Architecture overview

To configure metadata tagging as shown in the architecture diagram, the prerequisites are as follows:

  1. Authoritative storage for content with rich metadata tags – Catalog.
  2. User interaction behavior (clicks on content/Usage). End-user profile information may also be available to be used.
  3. A separate Intelligent Recommendations Account and modeling instance for understanding user interests presented as tags.
  4. A component to rank content based on personalized tags with a real-time API query.

This image shows the architecture outline for configuring metadata tagging on a separate intelligent recommendations account.

When enabled, the service produces a model of personalized "tags” for users, based on:

  1. Historical User interactions
  2. Metadata-rich content with “tags”
    1. The assumption here's that the tags are cleaned (no spelling errors and the tags are a predetermined, rationalized set from experts and not randomly created or attached).
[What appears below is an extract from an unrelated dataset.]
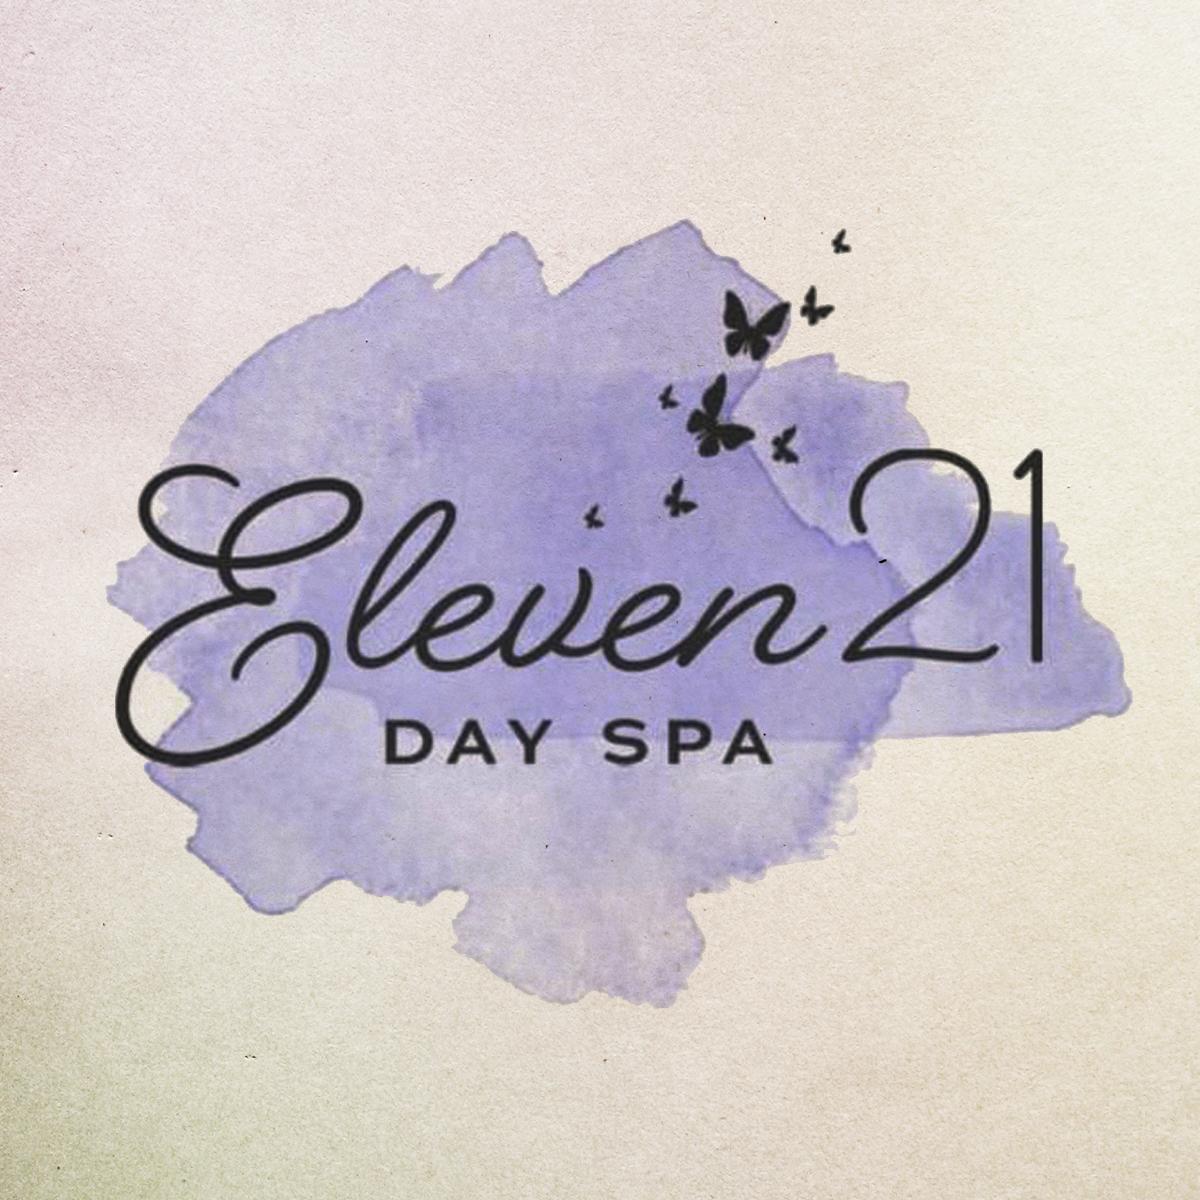 Eleven_21_Spa_Square.png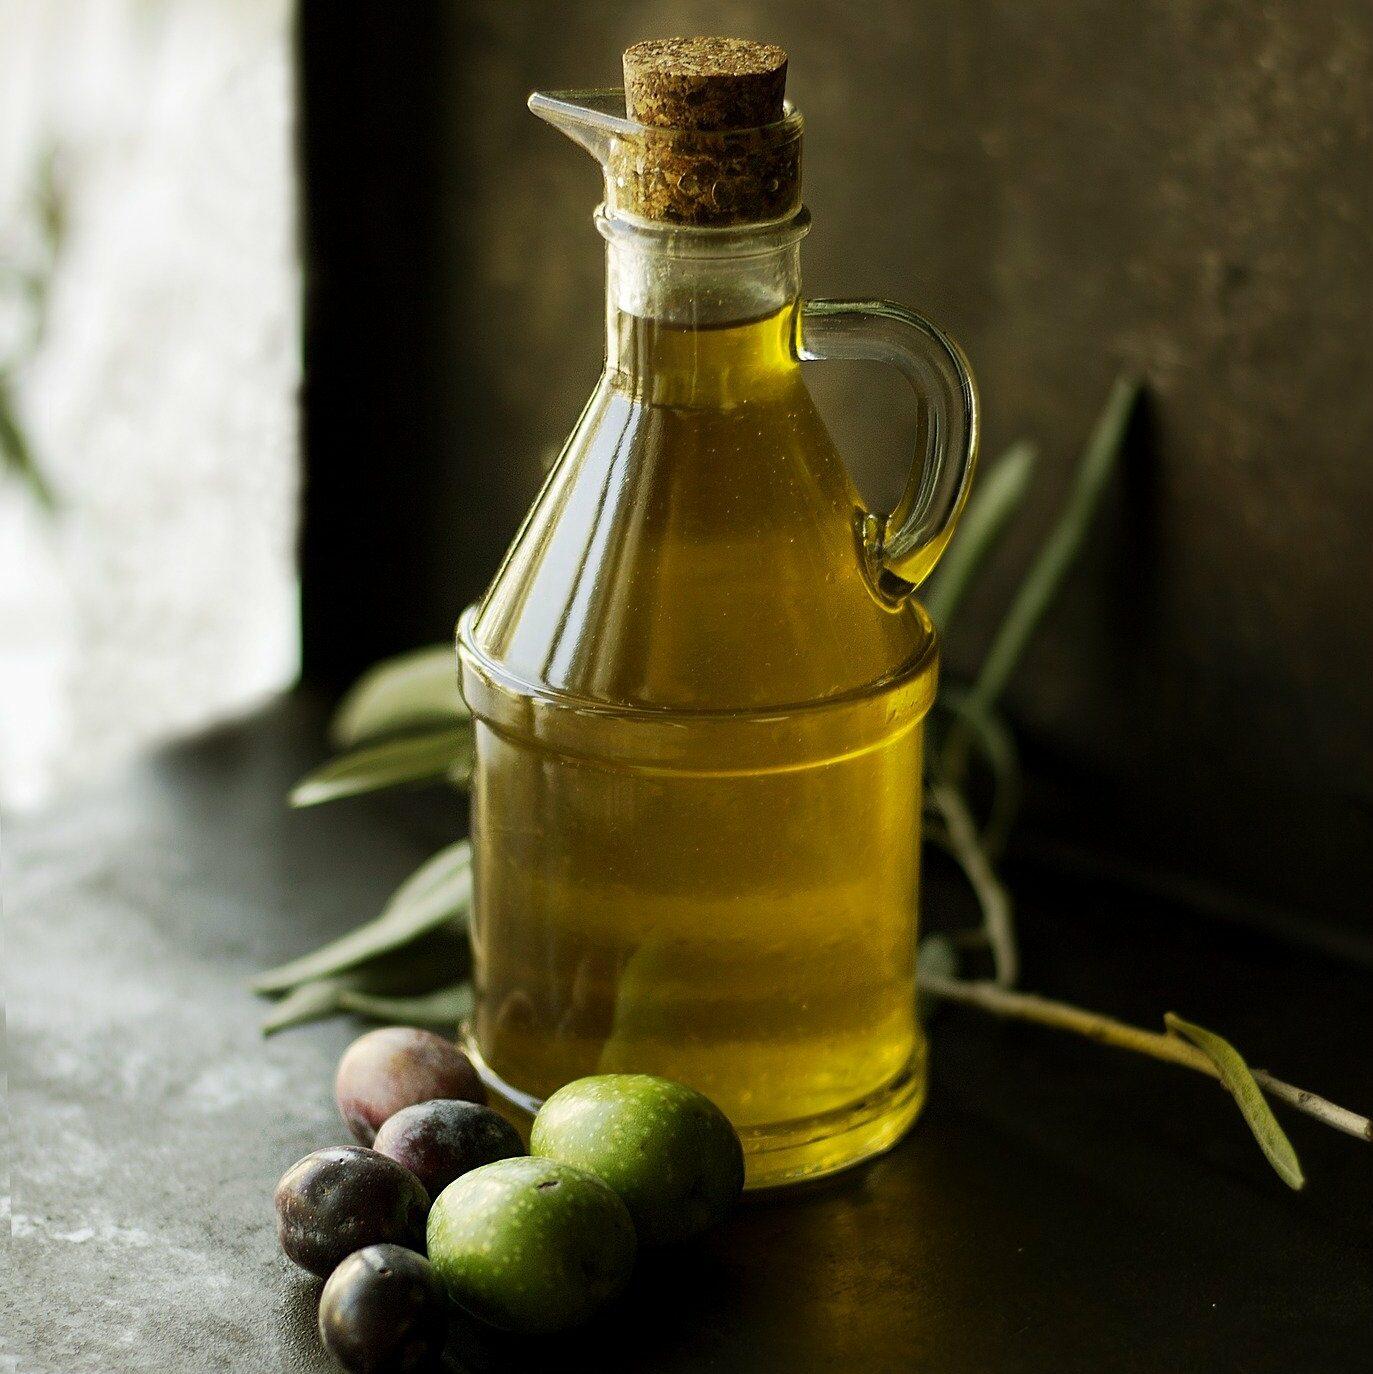 Aceite de oliva en recipiente

Data Contract Configuration

To configure a Data contract to support metadata tagging, do as follows: Take note of the changes between the ItemId, TagId, and InteractionGroupingId.

In the Applications section, you see examples of how the introduction of a TagID or BucketId changes the configuration of the Data Contract. We suggest having a separate Intelligent Recommendations account and modeling instance when testing metadata tagging.

IR Capability Name CATALOG
Data Entity
CATALOG
Data Entity Fields
INTERACTIONS
Data Entity
INTERACTIONS
Data Entity Fields
(Required for all responses) Reco_ItemsAndVariants ItemId as the TagId
Title
Filtering ability
(Applies to all lists)
Reco_ItemCategories ItemCategories: ItemId (or TagId), Category
People also view Reco_Interactions InteractionGroupingId as the UserId
ItemId as the TagId
UserId
InteractionType: Purchase == viewed
Timestamp
Picks for you Reco_Interactions (Same as previous)

Applications and examples

The following sections walk through two common use cases that benefit from metadata tagging and provide some examples with demo data for each.

  1. To get "most popular items for you" for cold users. To see an example, see the section titled "Get Most Popular Items for you for Cold Users".
  2. To create a machine learned map of Users' metadata-values. To see an example, see the section titled "Create an ML map of users' metadata values".

A common problem in the world of AI-ML is how to provide relevant recommendations to users who are new or infrequent customers (also known as “Cold users”). As mentioned previously, the aim here's to create some distinct buckets based on meaningful categories and available demographic information (that is, Age and Gender). Then use all Interactions to connect all users to their corresponding demographic buckets, which in turn enables the buckets to be connected to items during the model training phase. During the serving phase, a Cold User’s demographic bucket can be assigned and then used to recommend items, for example “most popular items by user bucket”.

The steps are as follows:

  1. Prepare a bucketing of Users with their metadata information.
  2. Create the connections for the model in the “Reco_Interactions.csv” data storage file.
  3. Query the model to get “most popular items by user bucket” API.

Step 1: Prepare a bucketing of the Users with their metadata information

Few best practices when creating your buckets are as follows:

  • User Metadata can be represented as ranged buckets. Consider using the metadata that makes sense for your business domain and use case. For example, if you wanted to create a bucket for age data, then you could use these values: Age5To11, Age30To40, etc.
  • Some User metadata can even be combined in buckets together. Consider using the metadata and combinations that make sense for your business domain and use case. For example, you could combine both Age and Gender data to create buckets like this: Age20To30Male, Age20To30Female, Age30To40Male, Age30To40Female, etc.
  • Once buckets are created, you need to assign each bucket a unique BucketId.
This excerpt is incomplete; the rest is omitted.